- _Required work_:
Return the full listing character for character, without its pictures.
START Available data
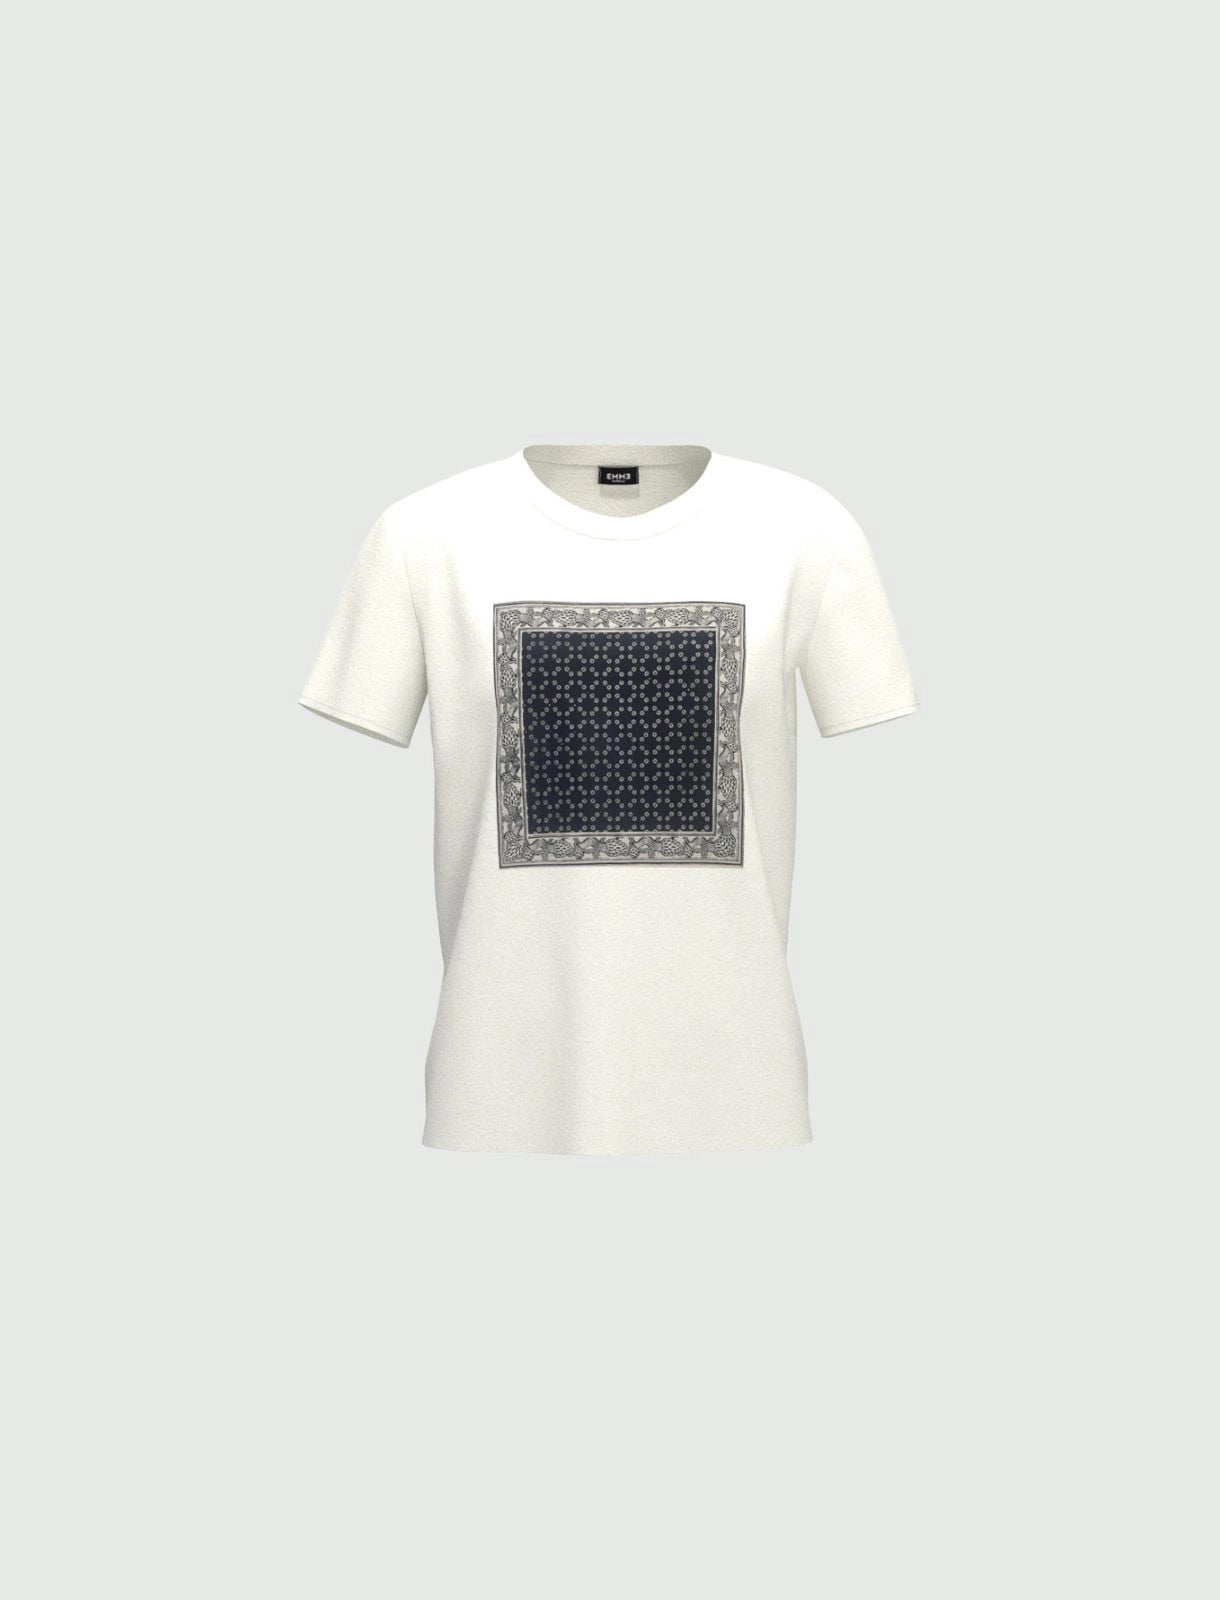 Olpe T-Shirt (Navy Geometric)
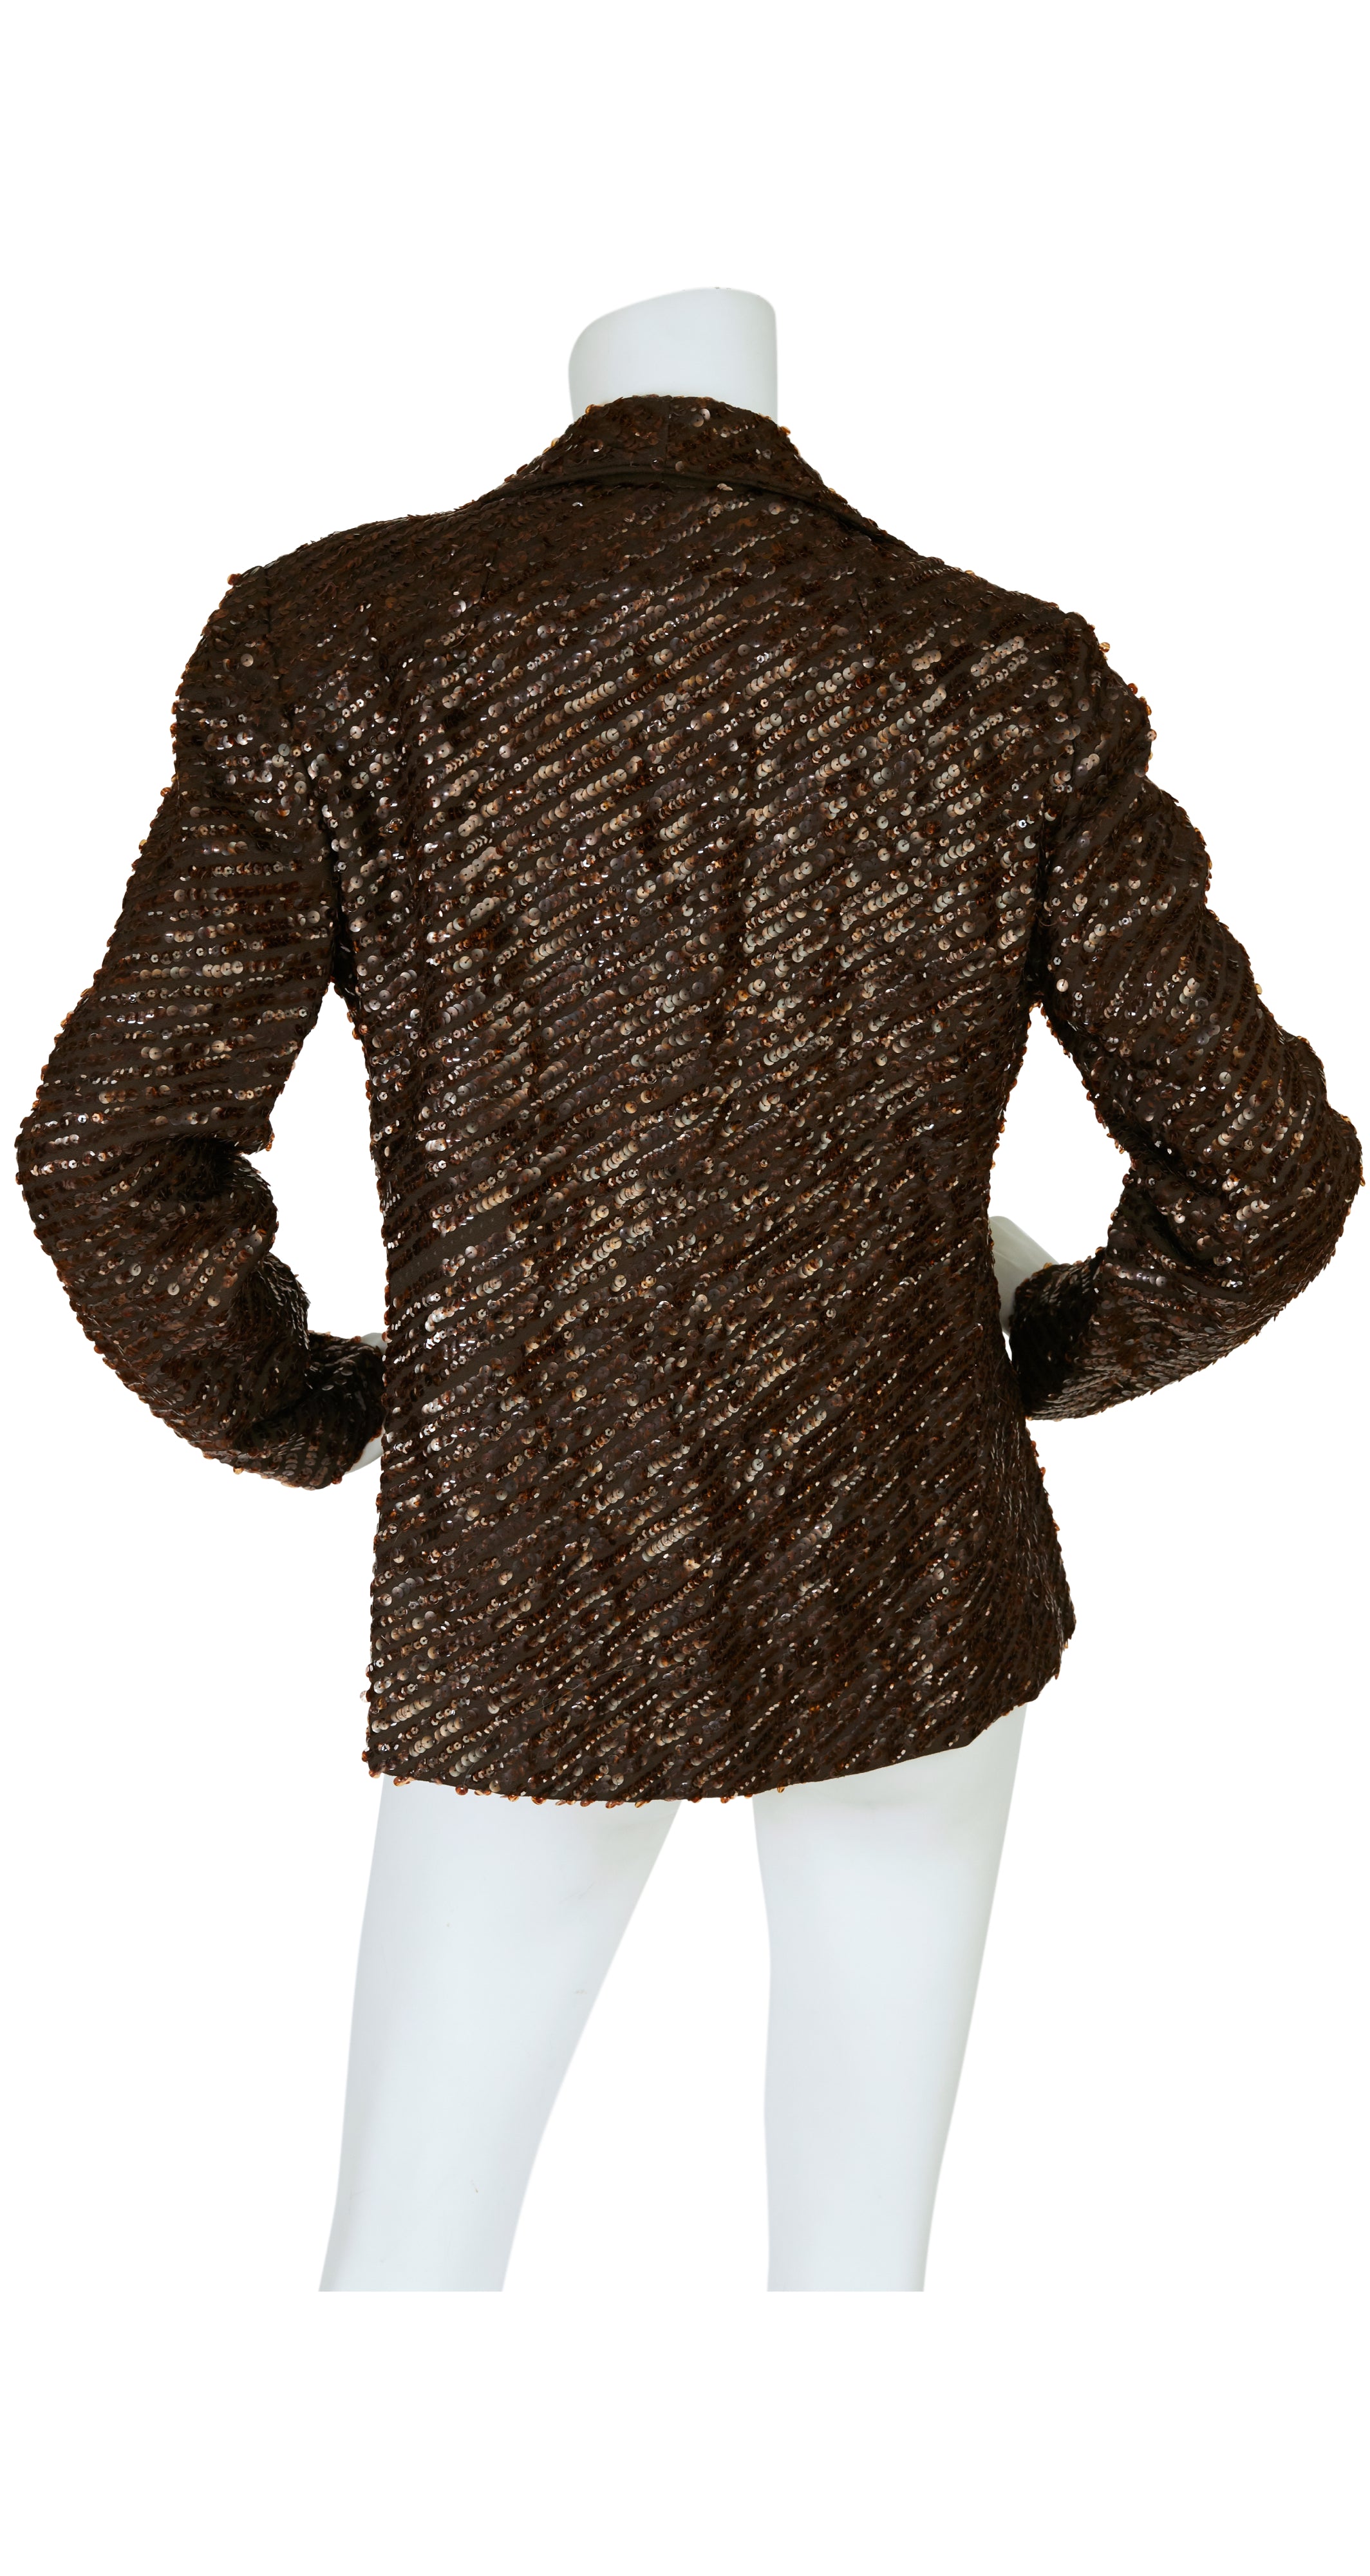 1970s Elinor Simmons Glam Brown Sequin & Crepe Jacket
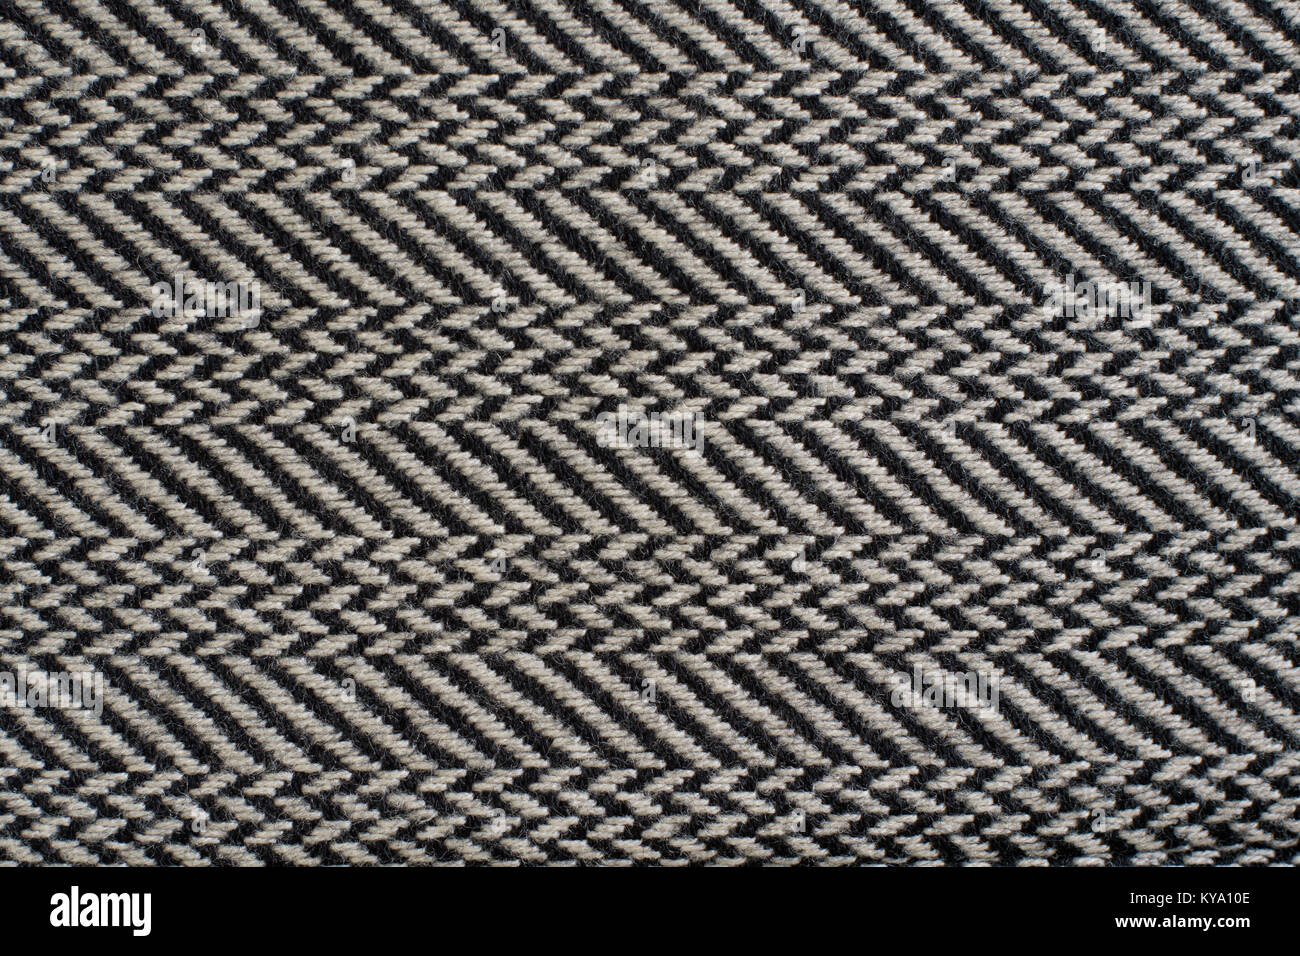 https://c8.alamy.com/comp/KYA10E/herringbone-broken-twill-weave-a-distinctive-v-shaped-weaving-pattern-KYA10E.jpg
END Available data
- _Answer below_:
 Olpe T-Shirt (Navy Geometric)
 1970s Elinor Simmons Glam Brown Sequin & Crepe Jacket
 https://c8.alamy.com/comp/KYA10E/herringbone-broken-twill-weave-a-distinctive-v-shaped-weaving-pattern-KYA10E.jpg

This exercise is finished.